_PROBLEM DESCRIPTION_:
Go through the data below and copy it exactly, skipping every picture.

_PROVIDED DATA_:
....................

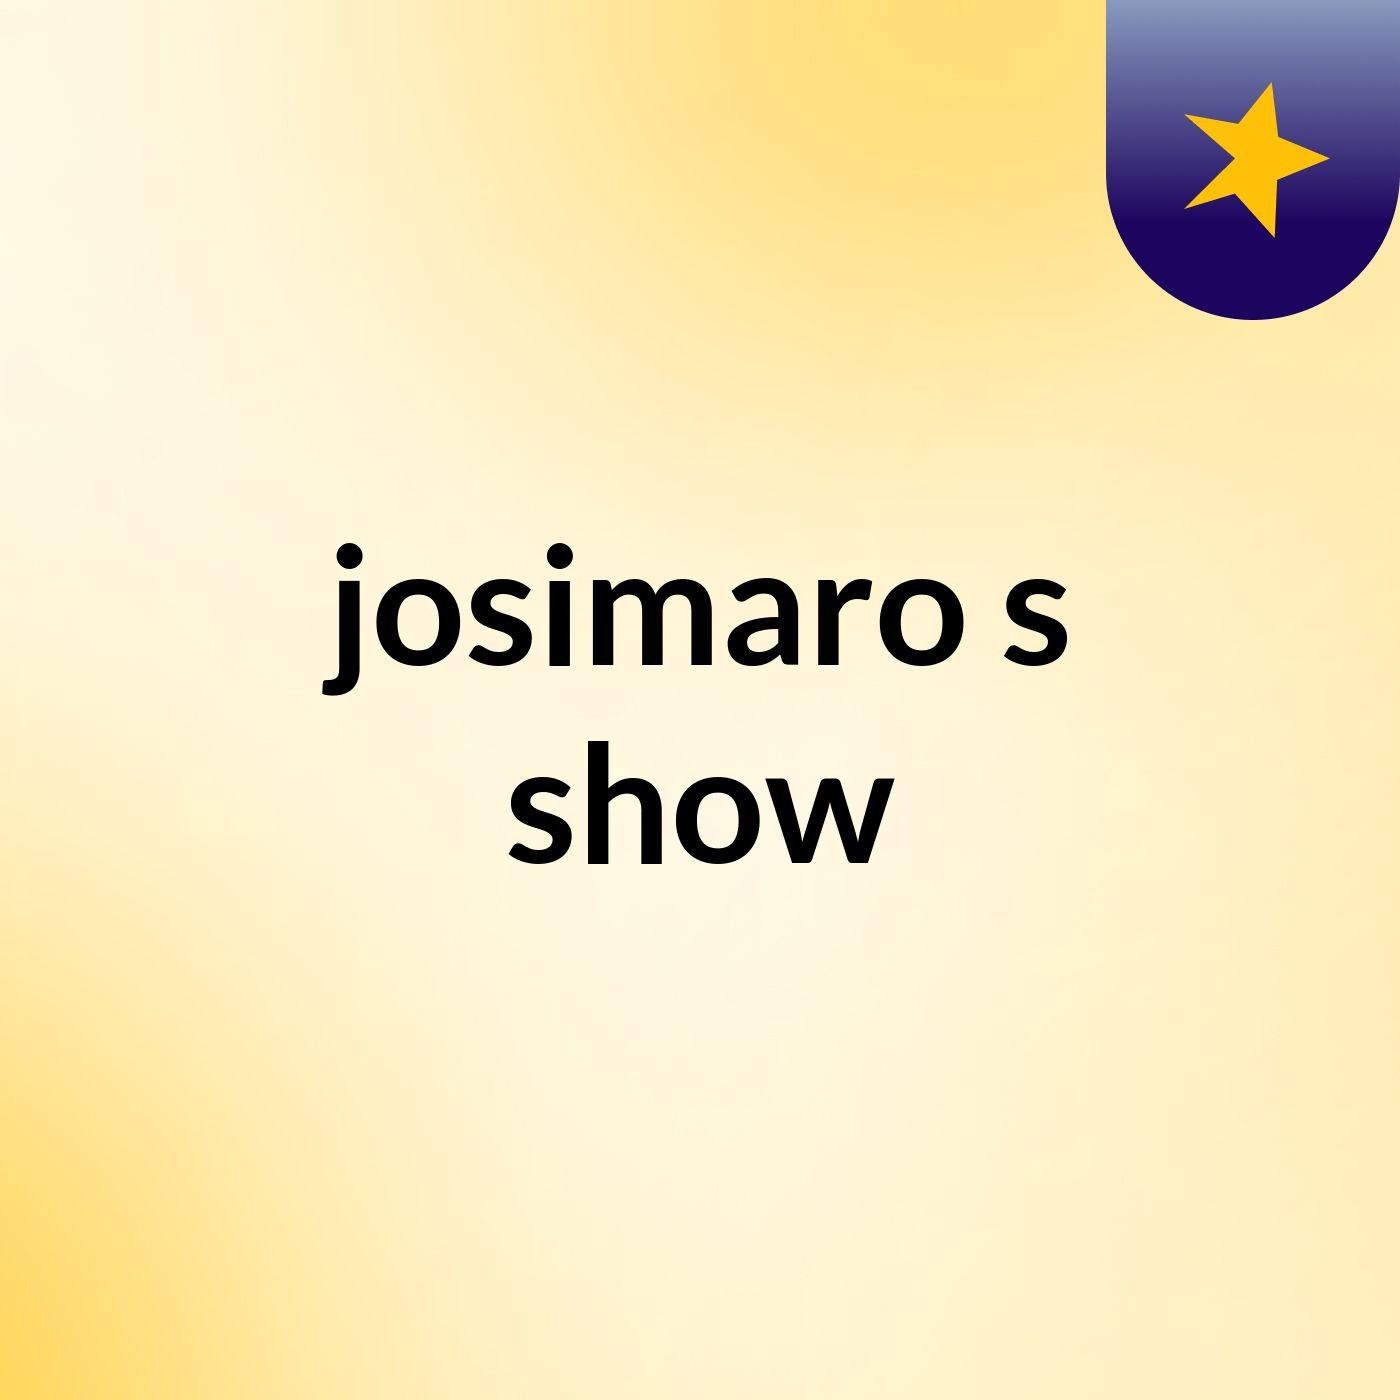 josimaro's show
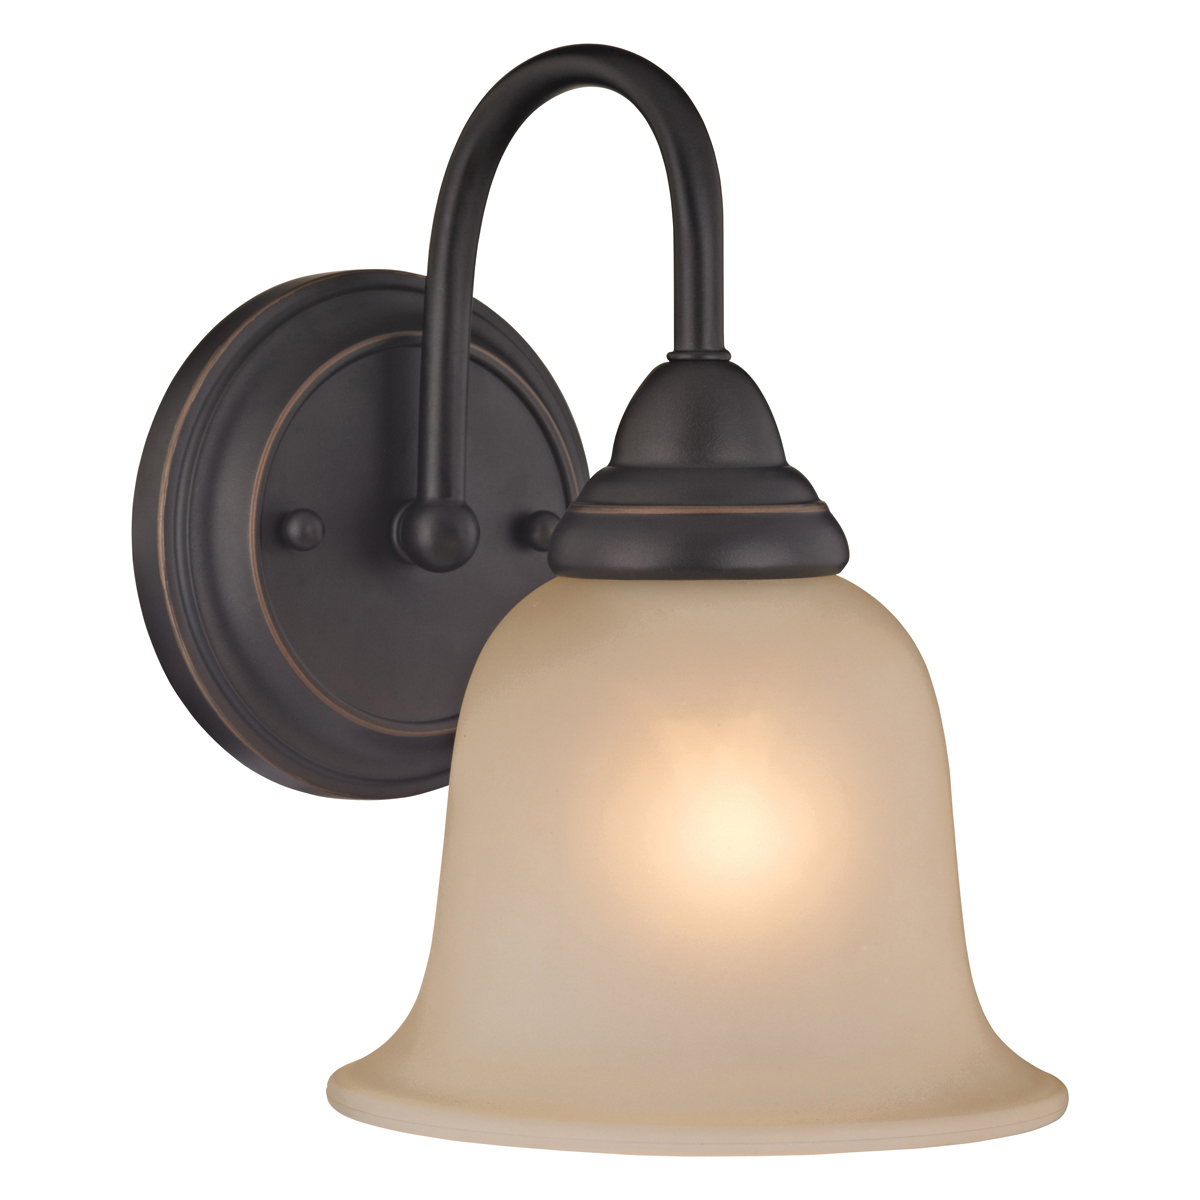 LYB130928-1VL-VB Wall Sconce, 60 W, 1-Lamp, A19 or CFL Lamp, Steel Fixture, Venetian Bronze Fixture
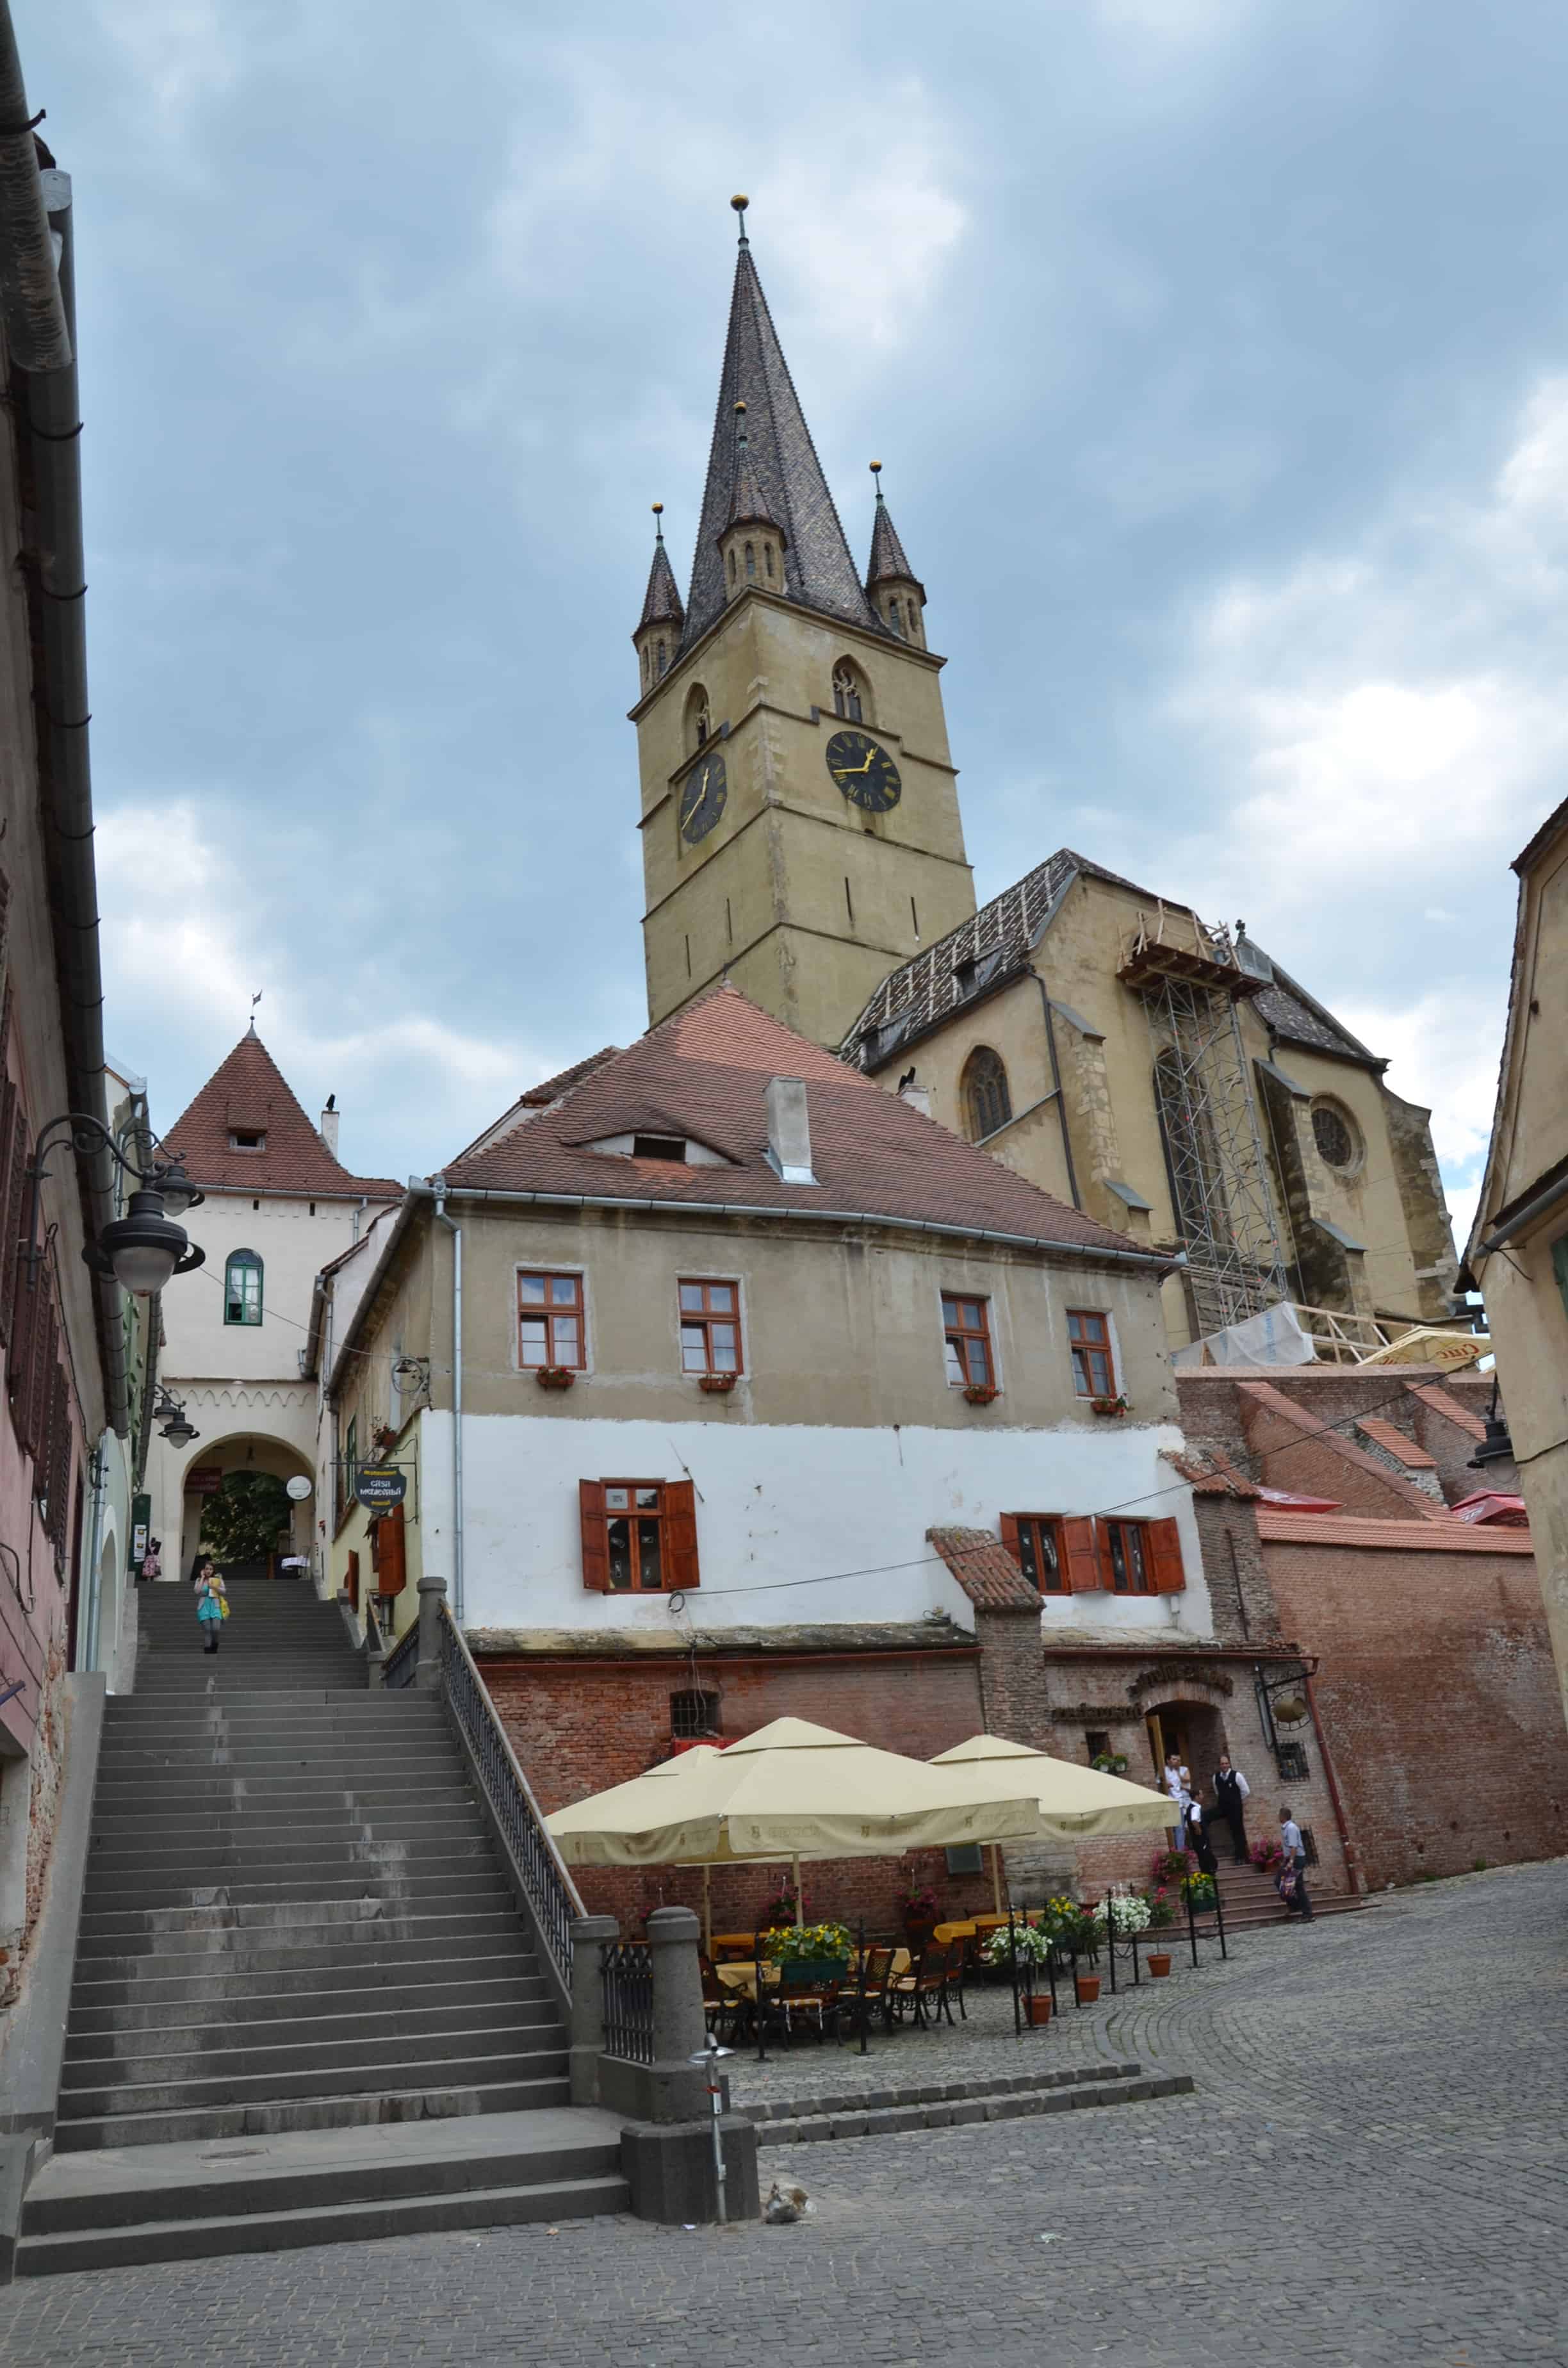 Stairs to Lower Town in Sibiu, Romania
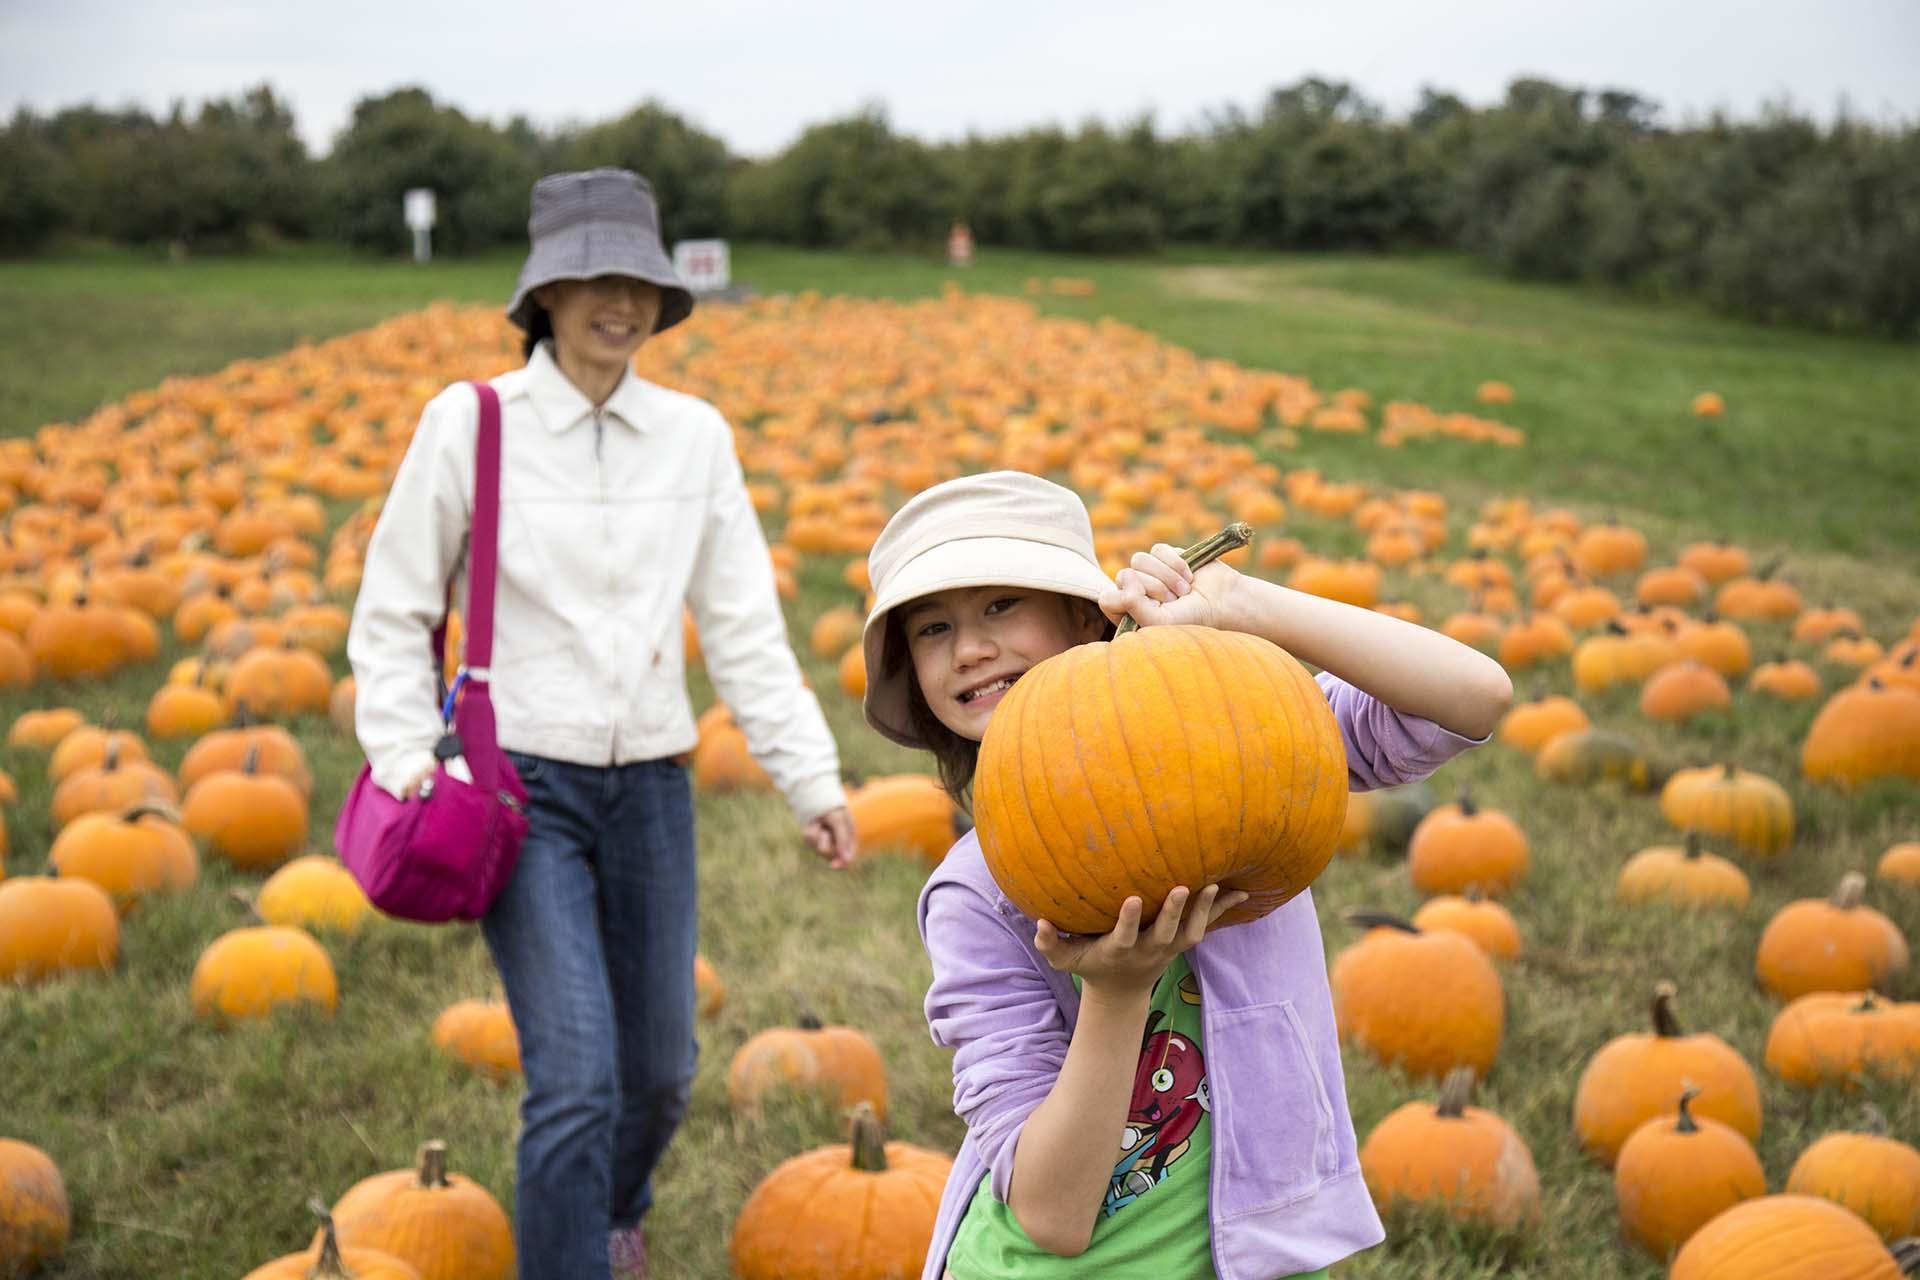 A child holding a pumpkin in a pumpkin patch.

....................

_ANSWER FOR THE TASK_:
 josimaro's show
 LYB130928-1VL-VB Wall Sconce, 60 W, 1-Lamp, A19 or CFL Lamp, Steel Fixture, Venetian Bronze Fixture
 Stairs to Lower Town in Sibiu, Romania
 A child holding a pumpkin in a pumpkin patch.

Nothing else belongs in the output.